FtsZ is a prokaryotic tubulin homologue that possesses GTPase activity. Although its amino acid sequence includes only a short segment with a high degree of sequence homology to tubulins, there is a remarkable similarity between the higher order structures of FtsZ and tubulin (7–10). Polymerization of FtsZ along the inner circumference of the cytoplasmic membrane is GTP-dependent (4) and is regulated by the GTP hydrolysis cycle of FtsZ (11, 12). Mutational analysis of Escherichia coli FtsZ has identified three catalytic amino acid residues in the GTPase-activating T7 loop of FtsZ, which are located far from the active site and are important for the GTPase but not nucleotide-binding activity of FtsZ (13–15). On the basis of the structural data of FtsZ, it was assumed that the three catalytic amino acid residues in the T7 loop of one FtsZ subunit of the protofilament can be brought into the vicinity of the catalytic site of the second FtsZ by making head-to-tail contact (16). It is the FtsZ in head-to-tail contact that possesses the GTPase activity (14). However, the main form of nucleotide in FtsZ polymers was found to be GDP-P_i (17) or GTP (12), depending on the treatment of FtsZ polymers. In addition, excess GDP was found to promote disassembly of the preformed FtsZ polymers (18).
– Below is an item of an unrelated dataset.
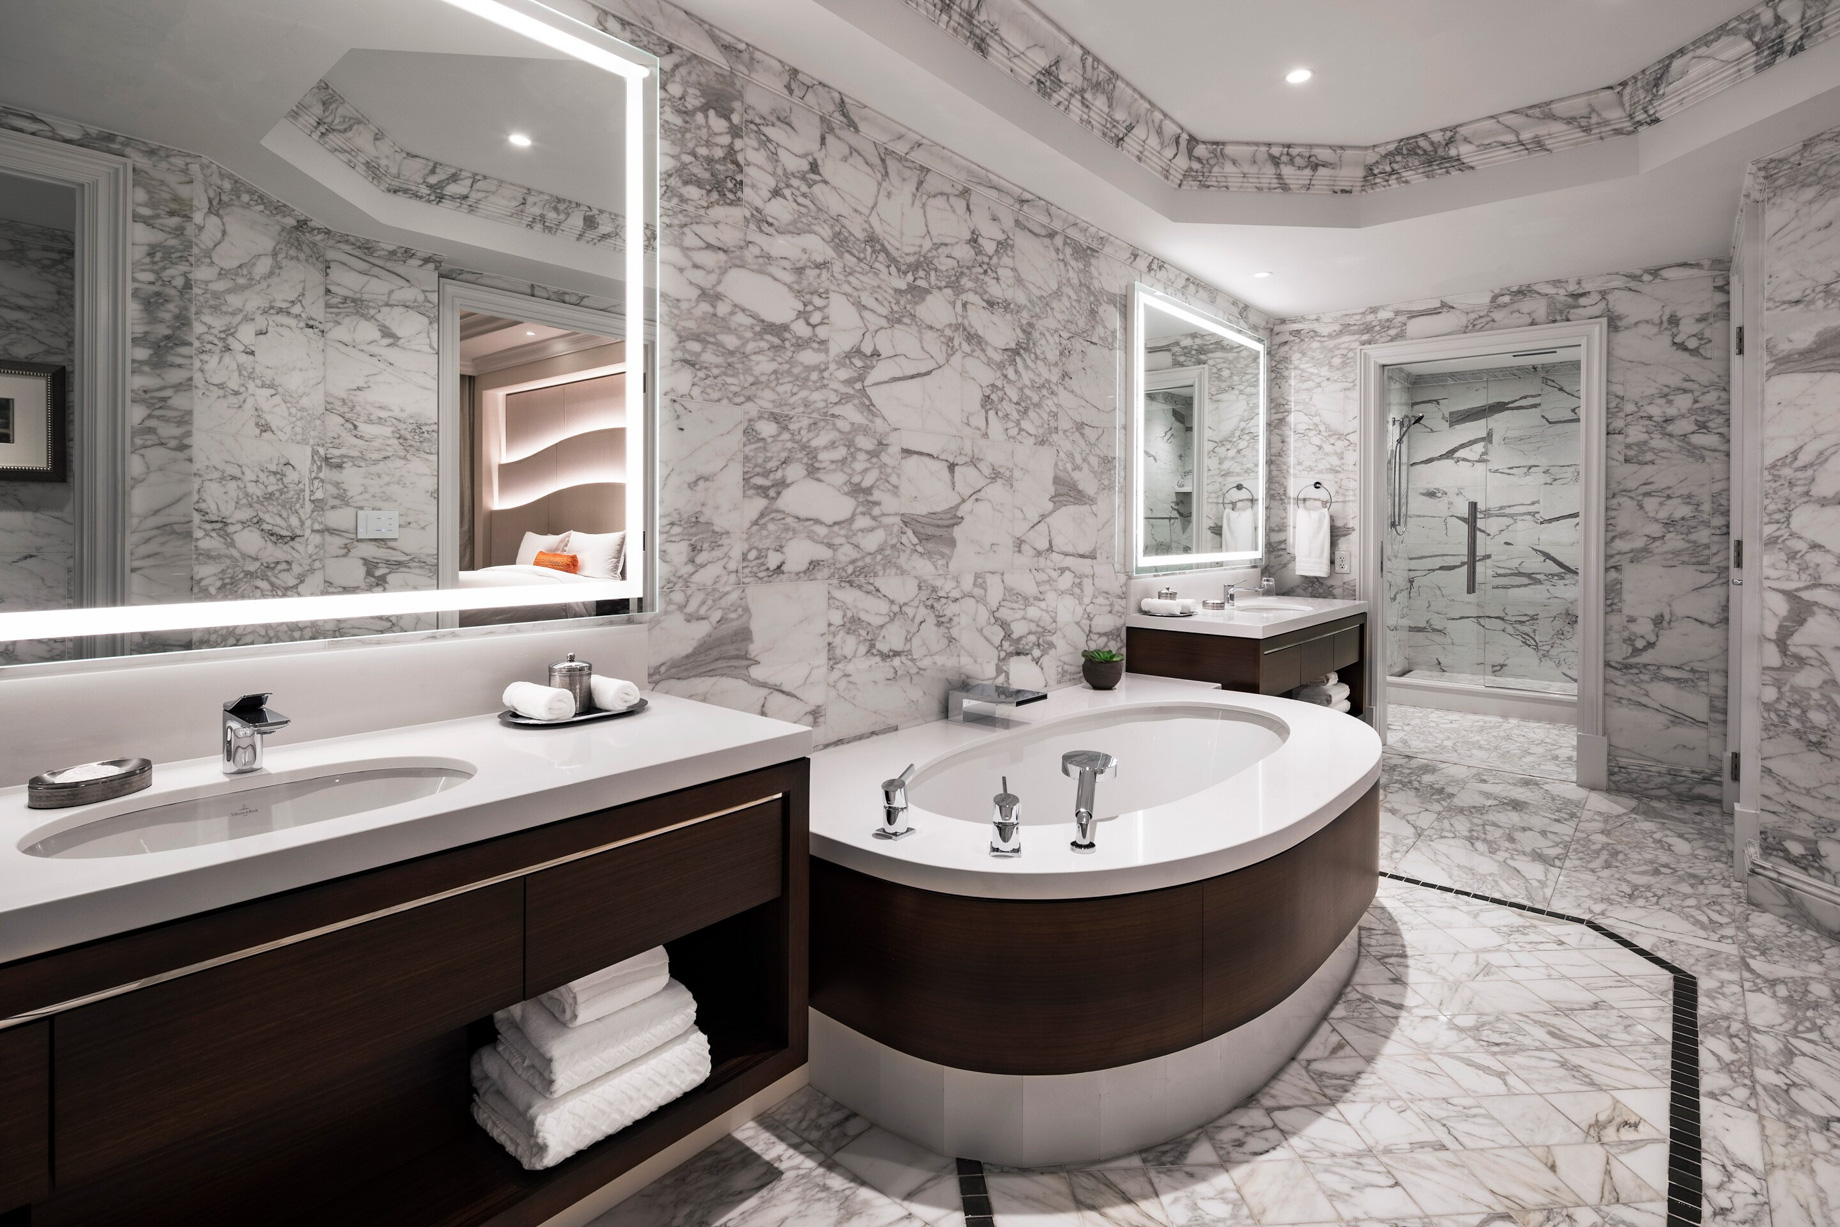 The St. Regis Atlanta Hotel – Atlanta, GA, USA – Empire Suite Bathroom Vanity and Tub
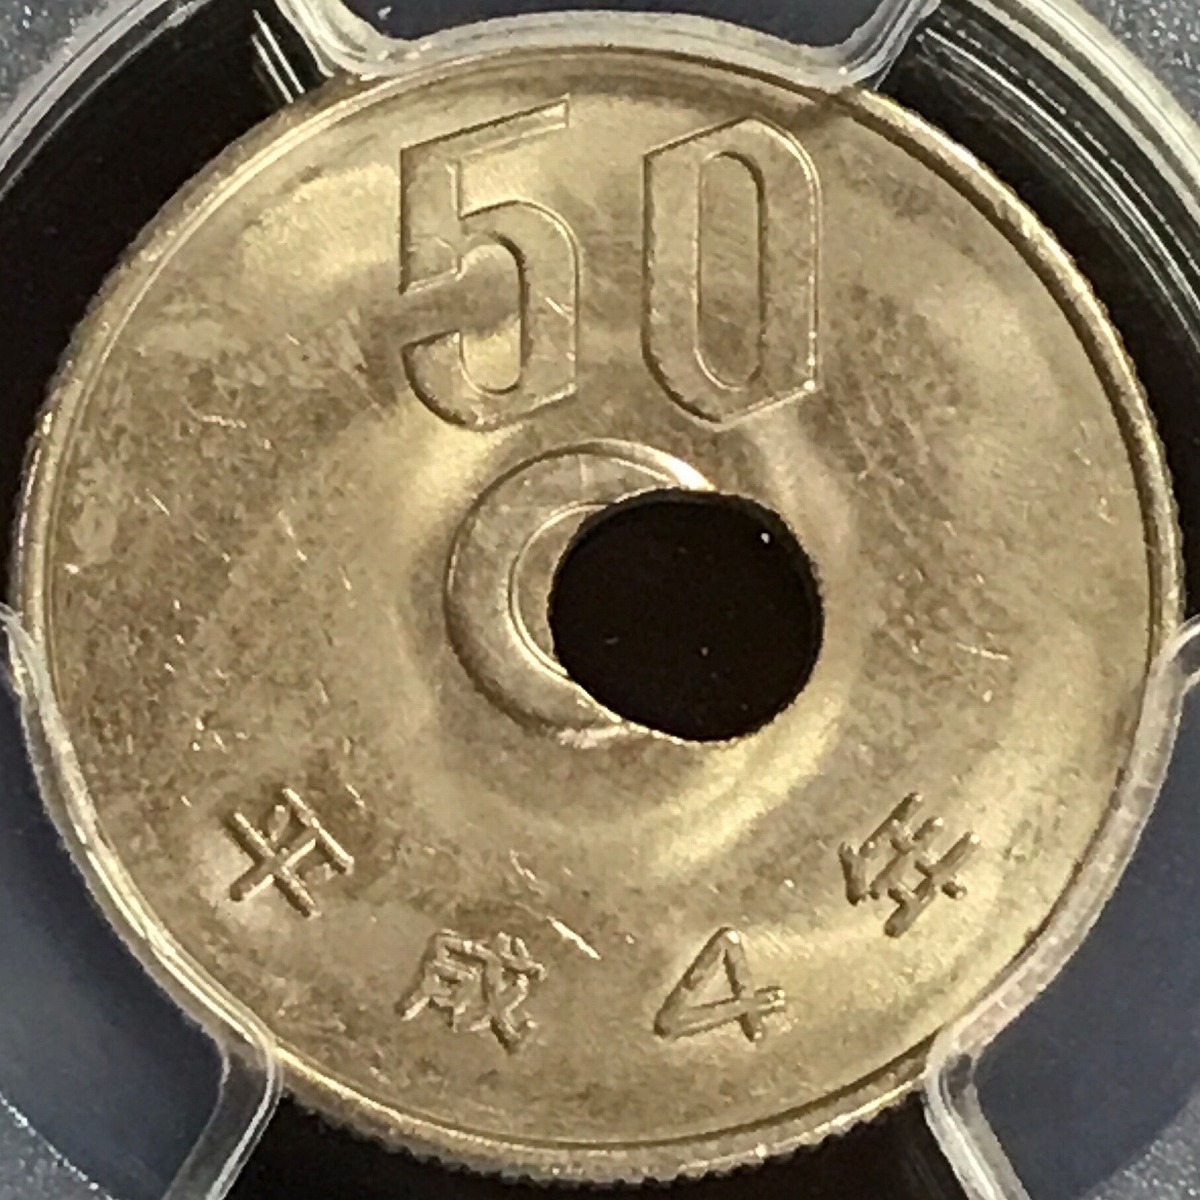 営業 平成19年 50円硬貨 1枚

EzrA is a transmembrane protein involved in spatial regulation of Z-ring formation in Bacillus subtilis (19). It is uniformly distributed throughout the plasma membrane in both nondividing and dividing cells and concentrates at the cytokinetic ring in an FtsZ-dependent manner during cell division (19). It has been also reported that EzrA plays both positive and negative roles in cell division (19, 20). Evidence for the positive role of EzrA came from the observation that low level expression of EzrA increases both cell length and percentage of filamentous cells of B. subtilis during growth (20). The negative role of EzrA was noted by the fact that null mutation of EzrA lowers the critical concentration of FtsZ required for Z-ring assembly and leads to the formation of polar Z rings and septa (19). In addition, the null mutation of EzrA is able to suppress the instability of FtsZ polymer associated with minCD overexpression (21). However, how EzrA acts to fulfill both the positive and negative roles remains unclear.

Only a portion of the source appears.